Начнем мы с рассмотрения тех внутрифабульных контекстов романа «Идиот», в которых вопрос о подобии персонажей становится объектом прямой рефлексии. И сразу скажем, что таких контекстов немного. В двух

из них фиксируется как будто бы одно и то же и по отношению к одним и тем же лицам - фамильное сходство, но не внешнее, а внутреннее, ментальное (и уже в силу этого менее очевидное). Сначала мы узнаем мысли Лизаветы Прокофьевны об Аглае: «Совершенно, совершенно как я, мой портрет во всех отношениях <...> самовольный, скверный бесенок!» [Достоевский 1972-1990, VIII, 273]. А потом князь Мышкин скажет Аглае: «Вы очень похожи на Лизавету Прокофьевну» [Достоевский 1972-1990, VIII, 356]. Однако этим же идея сходства и подрывается. Два основания для сравнения слабо соотносятся друг с другом: в первой ситуации это -своеволие (обозначенное открыто), во второй - то ли особого рода проницательность, то ли простодушная переменчивость, то ли некая их смесь (как можно предположить из достаточно неопределенного ближнего контекста реплики). Но еще любопытнее, что задолго до этого Лизавета Про-кофьевна столь же решительно объявит князю Мышкину: «Ваш характер я считаю совершенно сходным с моим и очень рада; как две капли воды. Только вы мужчина, а я женщина и в Швейцарии не была; вот и вся разница» [Достоевский 1972-1990, VIII, 65]. То, в чем заключается это подобие, здесь сомнений не вызывает. Лейтмотивным для всего «экзамена», устроенного Мышкину, является «детский» комплекс (центрированный в истории Мари); князь вспоминает о том, как доктор Шнейдер назвал его «совершенным ребенком», «вполне ребенком», который никогда не повзрослеет [Достоевский 1972-1990, VIII, 63]; разгадывая лица Епанчиных, герой скажет Лизавете Прокофьевне, что она «совершенный ребенок во всем, во всем, во всем хорошем и во всем дурном» [Достоевский 19721990, VIII, 65]; и сама героиня с этим всецело согласится: «.все совершенная правда: я ребенок и знаю это» [Достоевский 1972-1990, VIII, 65].

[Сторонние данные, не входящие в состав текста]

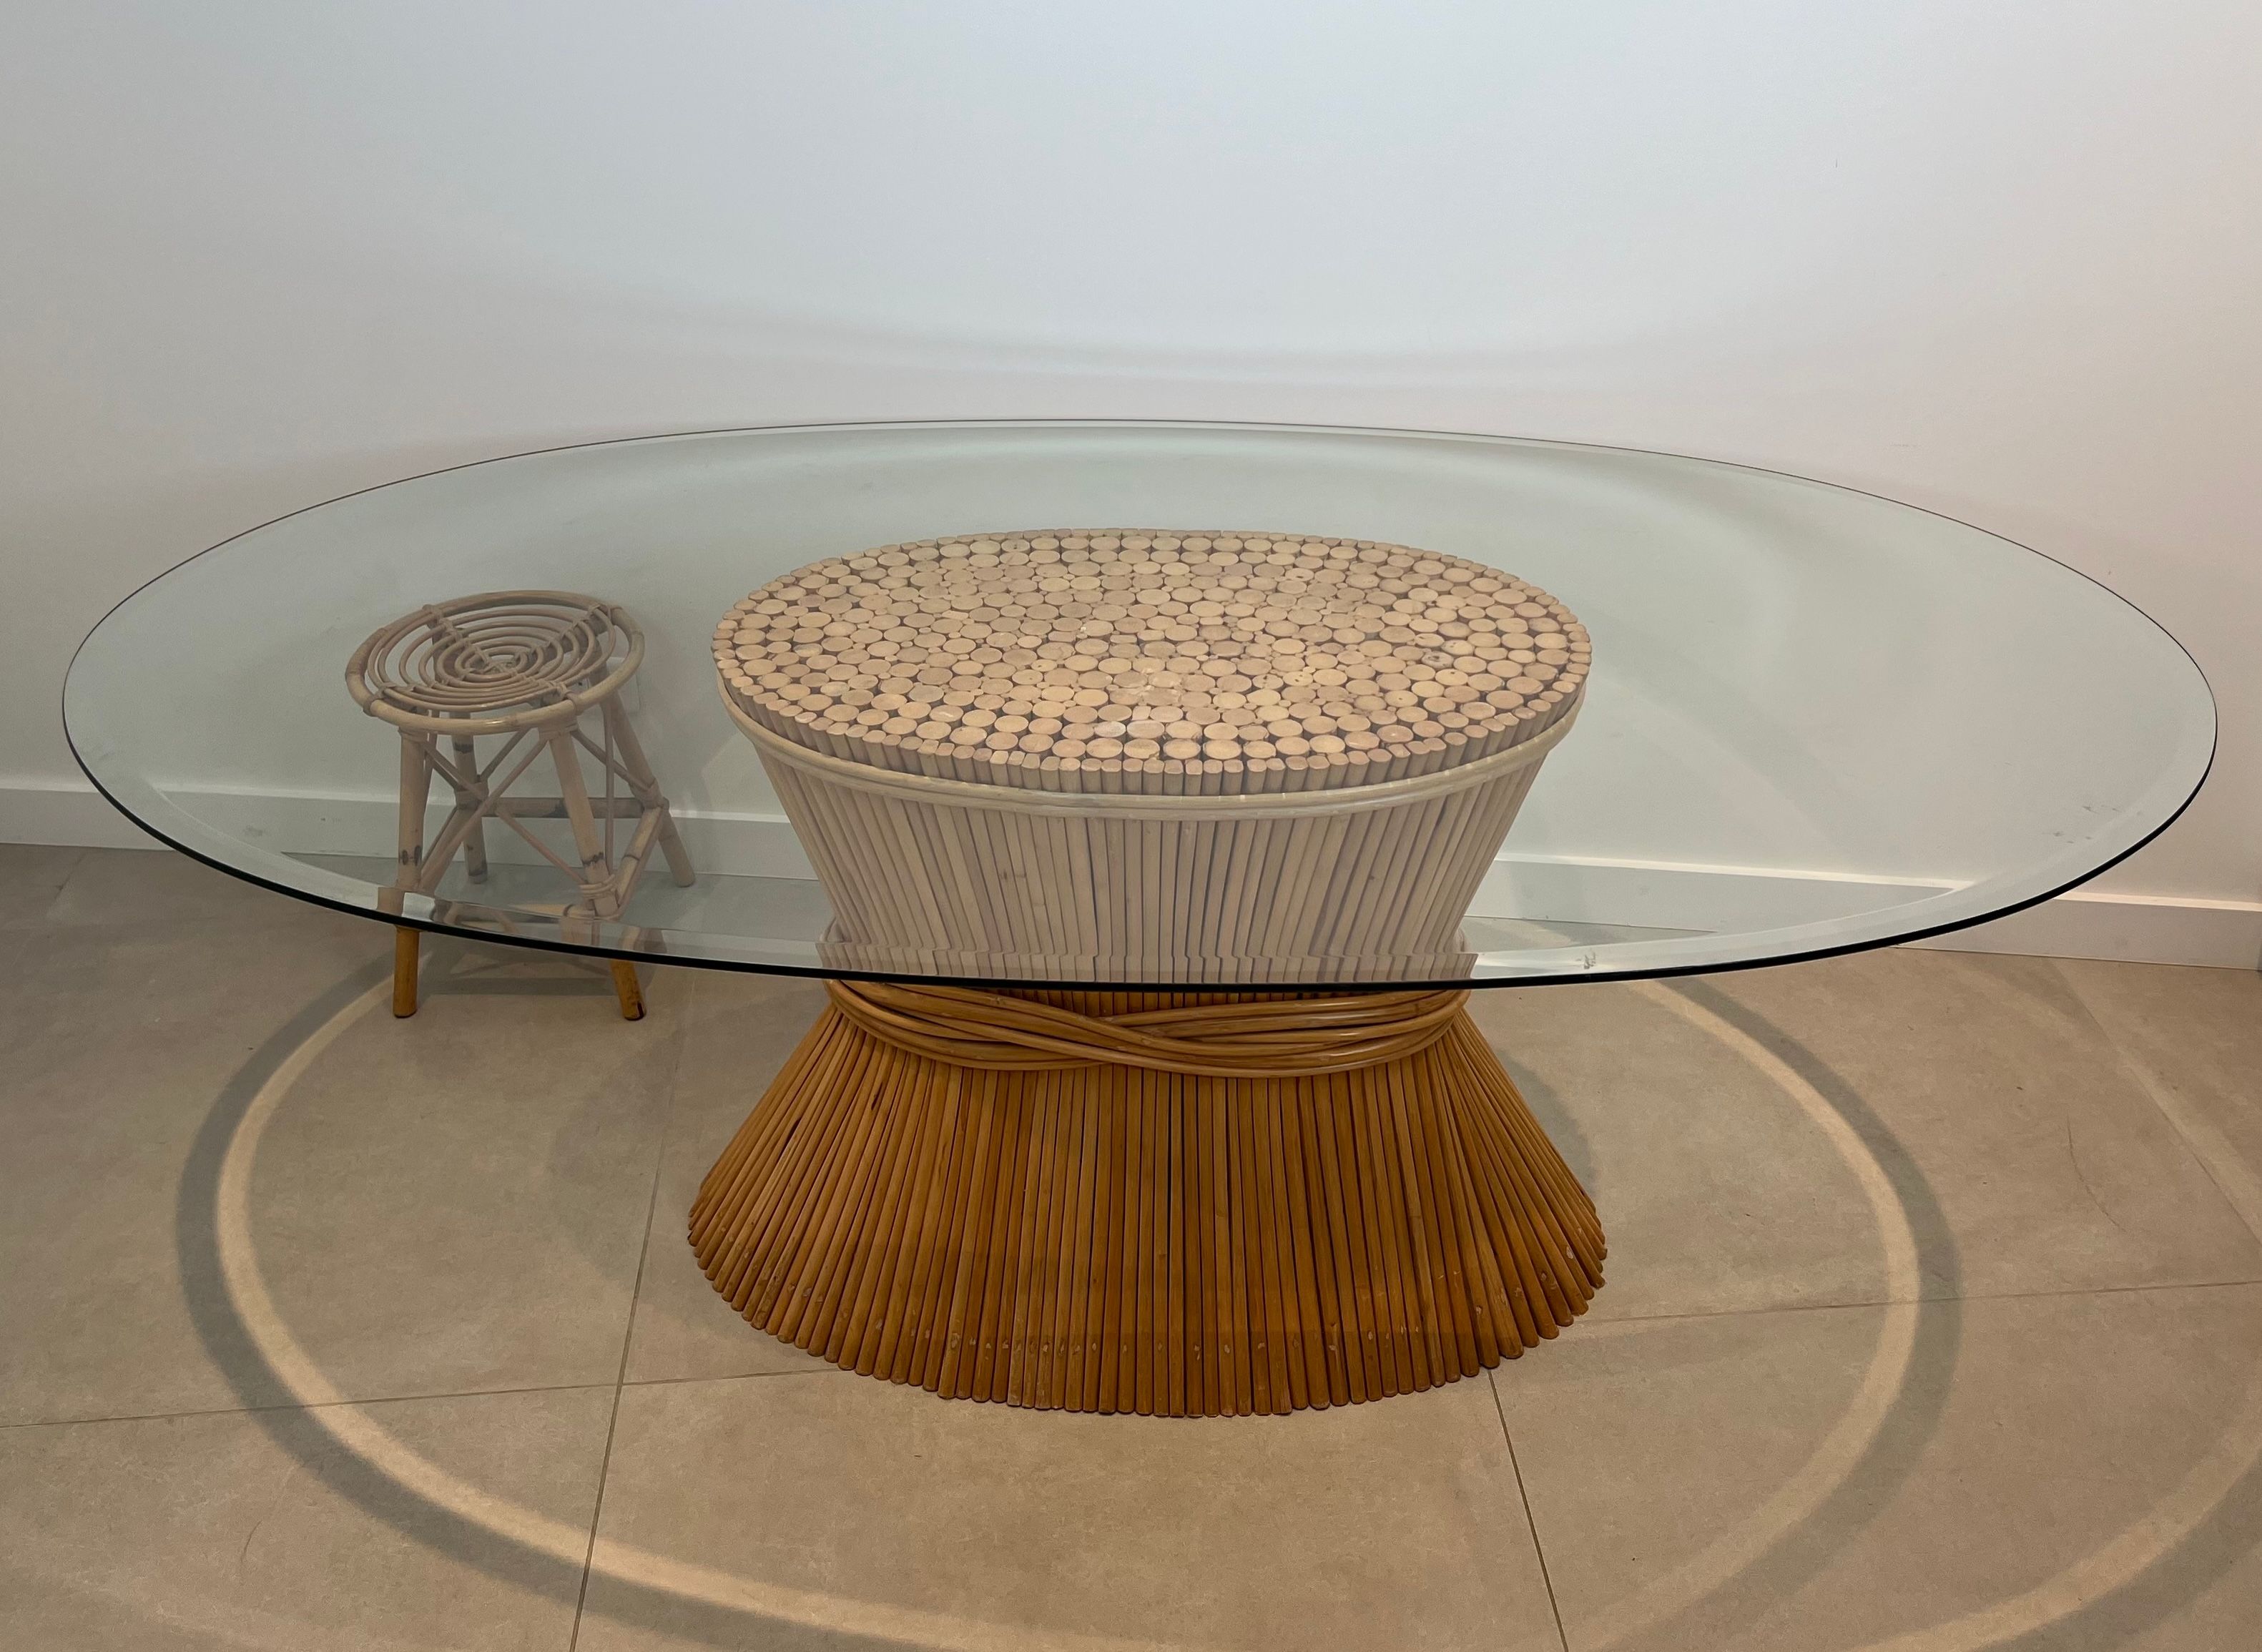 Large Wheat Sheaf Dinning Table with an Oval Beveled Glass Top on a Bamboo Base by American Designer Elinor Mc Guire

В итоге перед нами вырисовывается третье основание для сравнения (снова касающегося Лизаветы Прокофьевны, но на этот раз не имеющего непосредственного отношения к семейному сходству) - детскость. При некотором желании, конечно, мы можем ad hoc вывести отсюда, что своеволие и импульсивность-интуитивность - что-то вроде атрибутов детскости. Более того, для этого есть добавочный аргумент. Во время того самого диалога с Аглаей, в котором князь Мышкин упомянет о ее сходстве с Лиза-ветой Прокофьевной, герой с удивлением подумает о том, как в такой надменной красавице мог «.оказаться такой ребенок, может быть действительно даже и теперь не понимающий всех слов ребенок» [Достоевский 1972-1990, VIII, 358]. И через две страницы это именование «ребенок» повторит применительно к Аглае рассказчик (да и за пределами этого эпизода «детские» номинации в связи с героиней всплывают в тексте не раз). Однако, как мы впоследствии убедимся, с детскостью в романе все обстоит куда более сложным и противоречивым образом. Пока же заметим, что три качества, которые втянуты в эту игру различений, не преподносятся в тексте как пересекающиеся величины (а одна из них к тому же наделена нарочитой семантической размытостью). Автор нам такое сближение не навязывает.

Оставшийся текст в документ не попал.